De vrouw is niet afstotend. Ze wordt ook niet: ‘opgehemeld’ geïdealiseerd. Ze is van hemelse oorsprong. En die verliest ze nooit, al blijkt ze straks op aarde te zijn. Het teken dat Johannes ziet is dan ook indrukwekkend (‘groot’). Ze staat in de machtige schittering in het hart van het heelal en alles dient haar glorie. Ze is gehuld in de zon als in een kleed. Onder haar voeten is de maan, aan haar onderworpen. Op haar hoofd een overwinningskrans van twaalf sterren; ook de sterrenwereld dient haar glorie en roept uit dat zij kampioene is; de hoogste eer in het heelal dat zij kan ontvangen.

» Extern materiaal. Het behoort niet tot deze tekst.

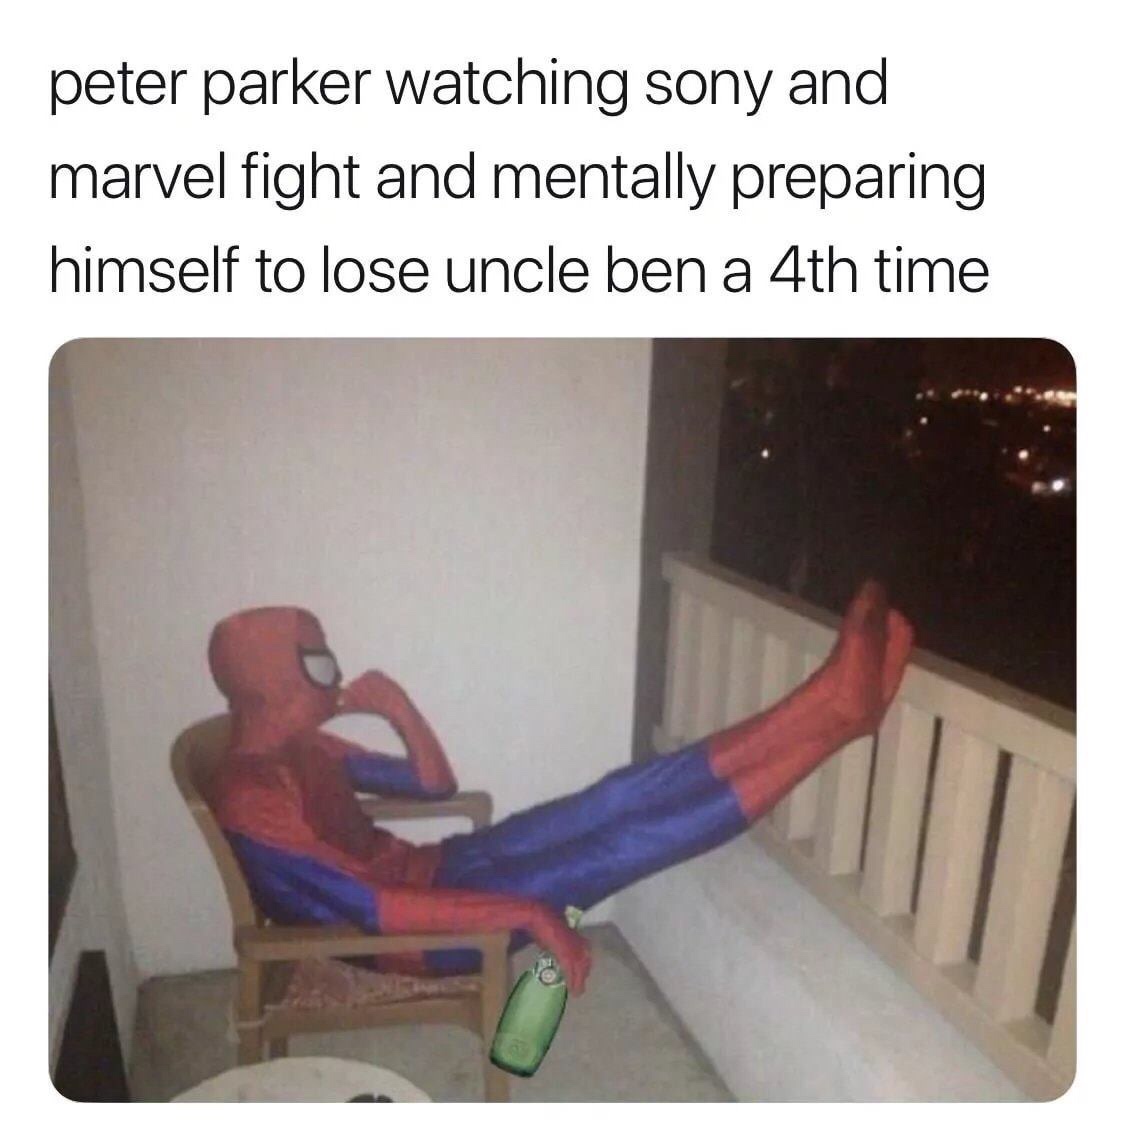 Ссора Marvel и Sony из-за «Человека-паука» вызвала волну иронии в сети: лучшие мемы. ФОТО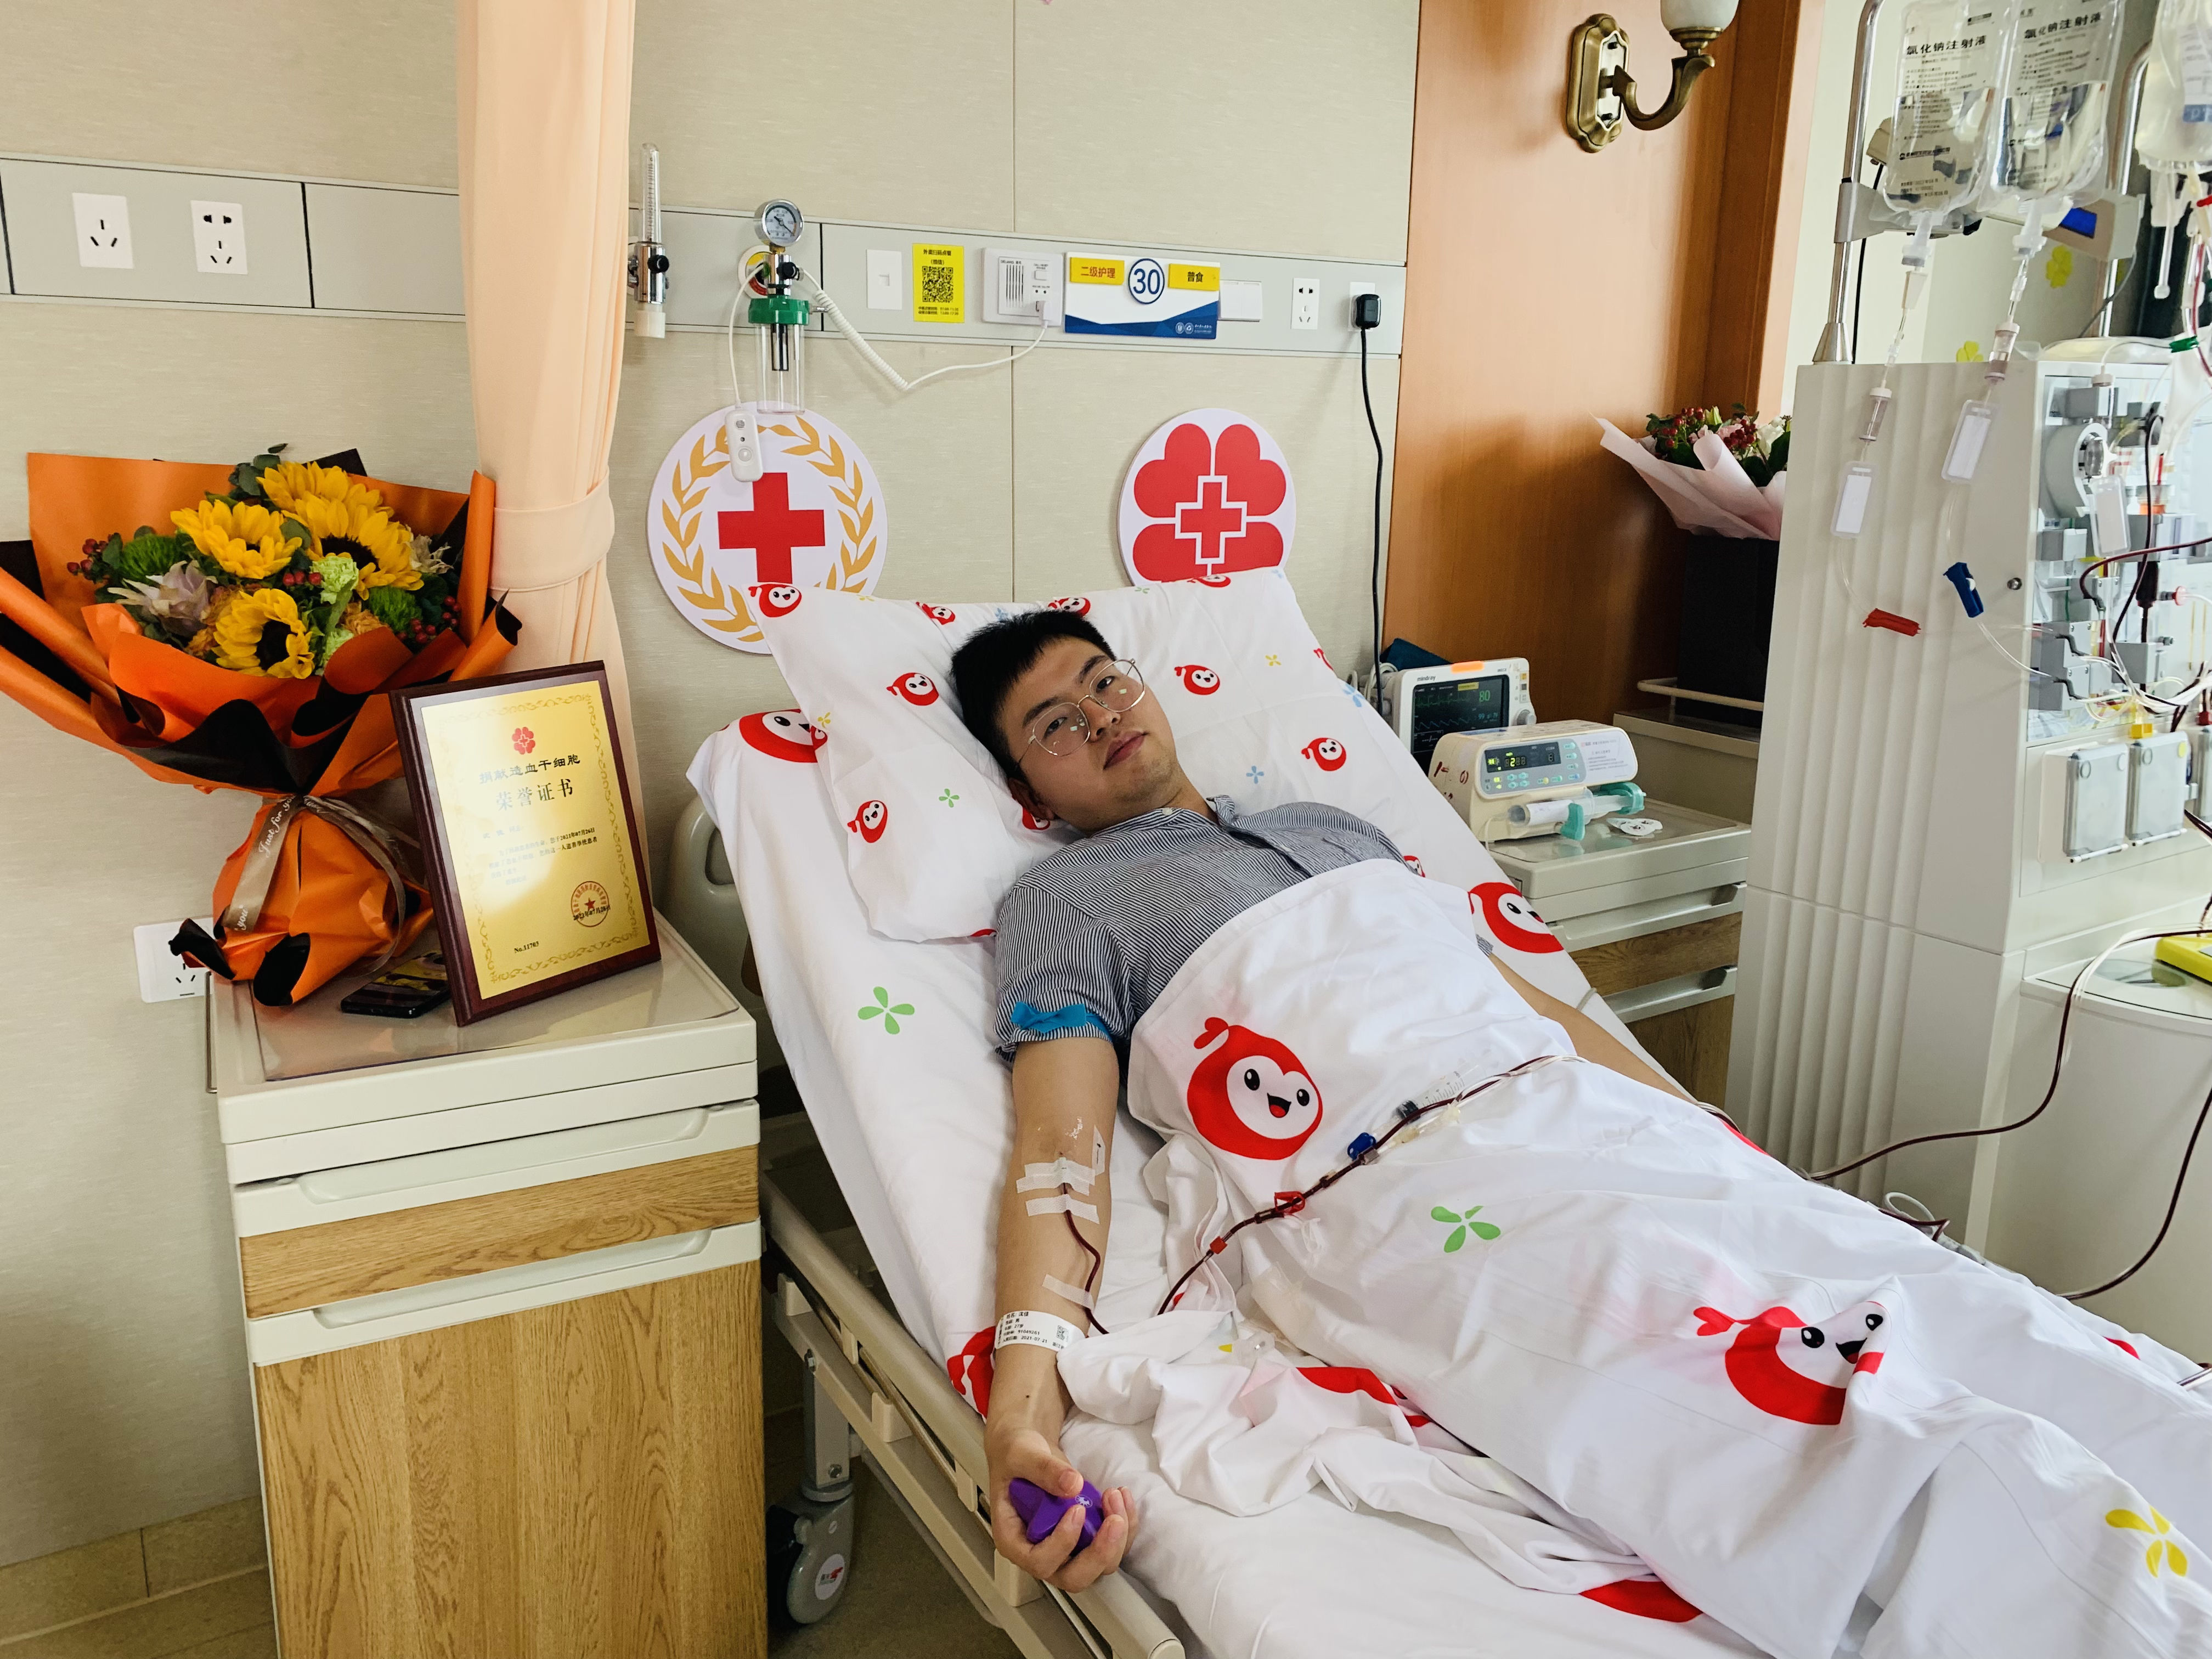 青年节|余杭“90后”小伙成功捐献造血干细胞 “生命的种子”冲破风雨带去希望

We behoeven niet onze toevlucht te nemen tot astrologische motieven uit de wereld van het polytheïsme om tot verklaring te komen. Wie hier met deze motieven begint, zal straks de draak en Michaël moeten gaan verklaren uit perzische  voorstellingswerelden. De wereld van de mythen wordt dan eerst ingedragen om vervolgens er weer uit-verklaard te worden. Hoe zullen de zuchtende christenen hun kracht dan hervinden?

Maar de zon is bekend uit de openbàring die Gód aangaande zijn werken ons heeft geschonken. De maan en de sterrenwereld kennen we ook uit het woord van Hém. Ze zijn door de Schepper gemaakt toen het Hem beliefde ze te maken.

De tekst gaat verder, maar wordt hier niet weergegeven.